Please note that UCS2 and UCS4 builds of Python are different in
more ways than just the underlying Py_UNICODE type. E.g. UCS2 builds
use surrogates when converting between Unicode and bytes which
UCS4 don't, sys.maxunicode is different, range checks use different
bounds, unichr() behaves differently, etc. etc.

It is simply not a good idea to have modules build for a UCS2
interpreter work in a UCS4 interpreter and vice-versa.
msg105284 - (view) Author: Martin v. Löwis (loewis) * (Python committer) Date: 2010-05-08 13:07
I propose a different approach:

1. add a flag to PyModuleDef, indicating whether the module was built in UCS-2 or UCS-4 mode. Then let the interpreter refuse the load the module, instead of having the dynamic linker do so.
2. provide a mode for the header files where Py_UNICODE is not defined. add another flag to PyModuleDef indicating whether that mode was used when compiling the extension.

Module authors then can make a choice whether or not to refer to the Unicode internal representation in their module. If they do, a UCS-2 version won't load into a UCS-4 interpreter. If they don't refer to Py_UNICODE at all, the module can be used across the two modes.

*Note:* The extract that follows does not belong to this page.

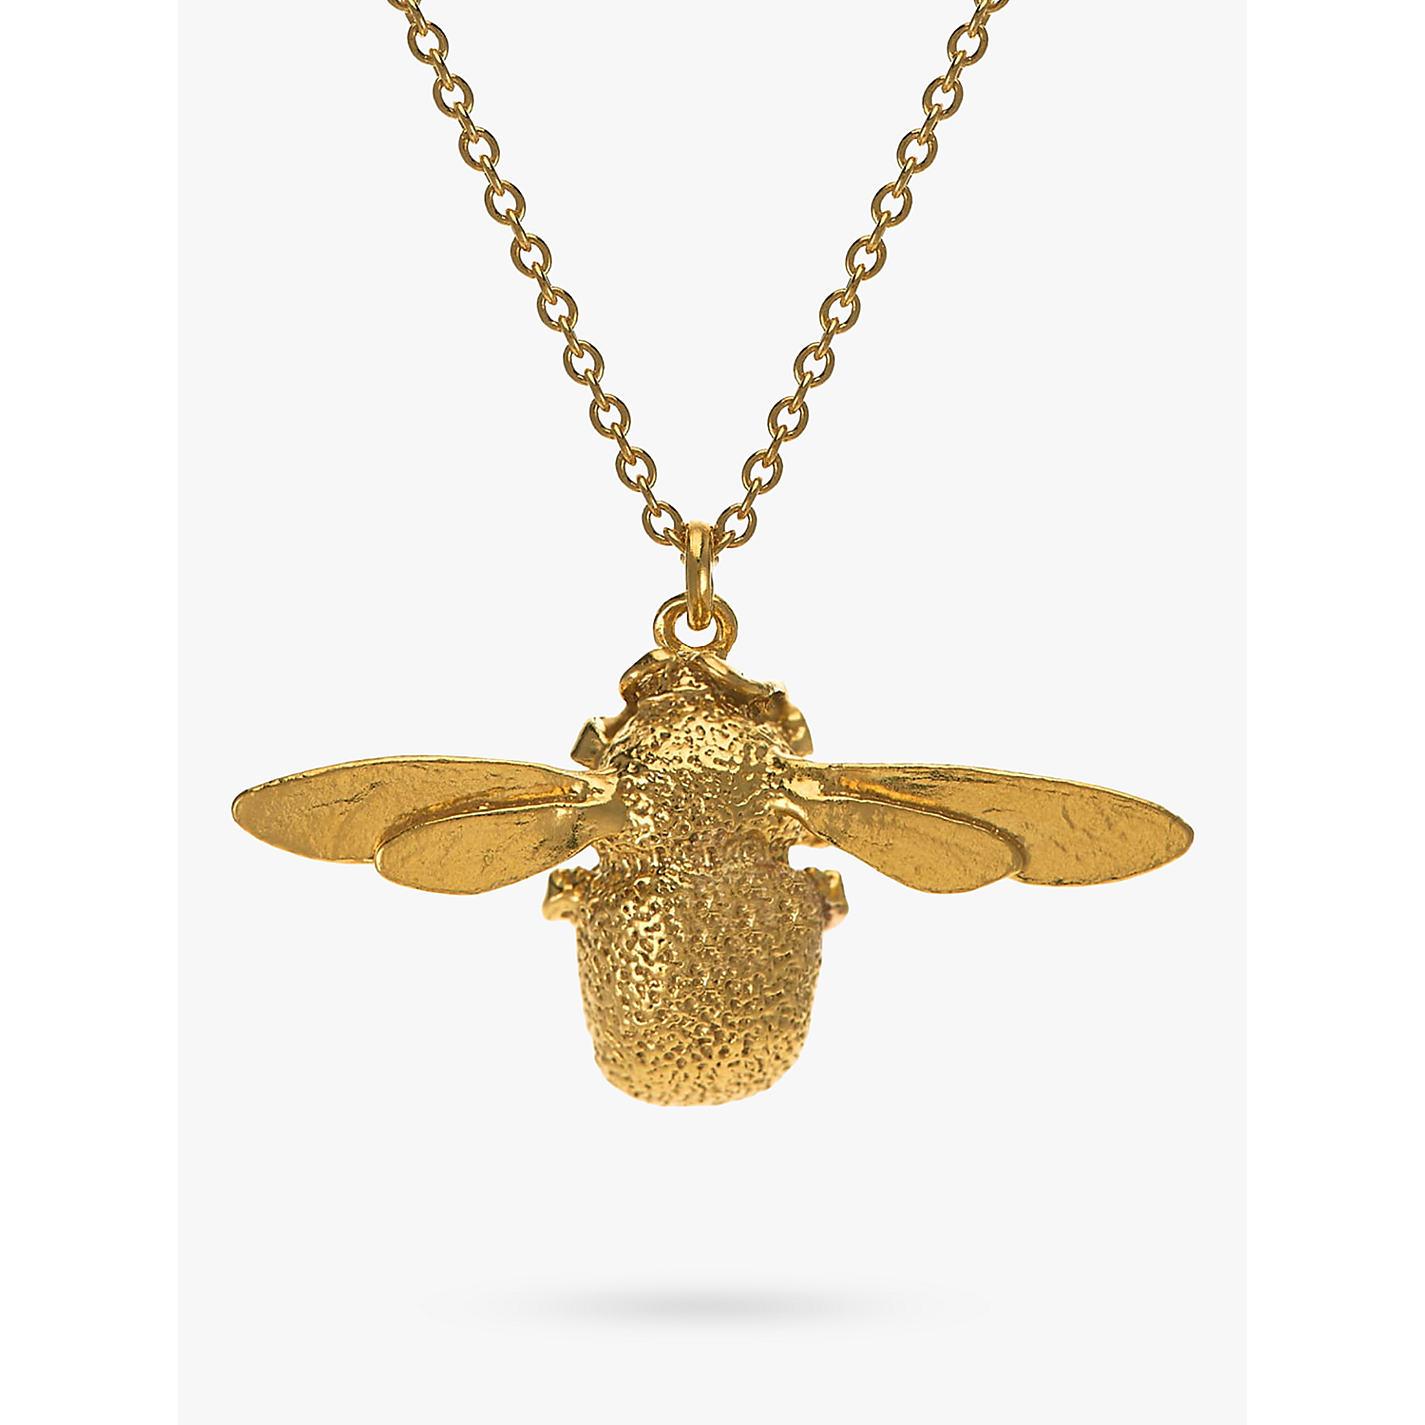 Buy alex monroe 22ct gold vermeil bumble bee pendant necklace buy alex monroe 22ct gold vermeil bumble bee pendant necklace gold online at johnlewis aloadofball Choice Image

There is a slight risk that a module may already crash before calling PyModule_Create. To prevent that, we need to specify that no Unicode API must be used before calling PyModule_Create.
msg105286 - (view) Author: Marc-Andre Lemburg (lemburg) * (Python committer) Date: 2010-05-08 13:15
Martin v. Löwis wrote:
> 
> Martin v. Löwis <martin@v.loewis.de> added the comment:
> 
> I propose a different approach:
> 
> 1. add a flag to PyModuleDef, indicating whether the module was built in UCS-2 or UCS-4 mode. Then let the interpreter refuse the load the module, instead of having the dynamic linker do so.
> 2. provide a mode for the header files where Py_UNICODE is not defined. add another flag to PyModuleDef indicating whether that mode was used when compiling the extension.
> 
> Module authors then can make a choice whether or not to refer to the Unicode internal representation in their module. If they do, a UCS-2 version won't load into a UCS-4 interpreter. If they don't refer to Py_UNICODE at all, the module can be used across the two modes.
> 
> There is a slight risk that a module may already crash before calling PyModule_Create. To prevent that, we need to specify that no Unicode API must be used before calling PyModule_Create.

+1

We could then get rid off the API renaming altogether.
msg105295 - (view) Author: Daniel Stutzbach (stutzbach) (Python committer) Date: 2010-05-08 15:01
On Sat, May 8, 2010 at 5:03 AM, Marc-Andre Lemburg
<report@bugs.python.org> wrote:
> If you can propose a different method of reliably protecting against
> mixed Unicode build module loads, that would be great. We could then
> get rid off the wrapping altogether.

The following code will cause a link error 100% of the time iff
there's a mismatch:

#ifndef Py_UNICODE_WIDE
#define _Py_Unicode_Build_Symbol _Py_UCS2_Build_Symbol
#else
#define _Py_Unicode_Build_Symbol _Py_UCS4_Build_Symbol
#endif
extern int _Py_Unicode_Build_Symbol; /* Defined in unicodeobject.c */
static int *_Py_Unicode_Build_Symbol_Check = &_Py_Unicode_Build_Symbol;

In practice, I'd surrounded it with a bunch #ifdefs to disable the
"defined but not used" warning in gcc and MSVC.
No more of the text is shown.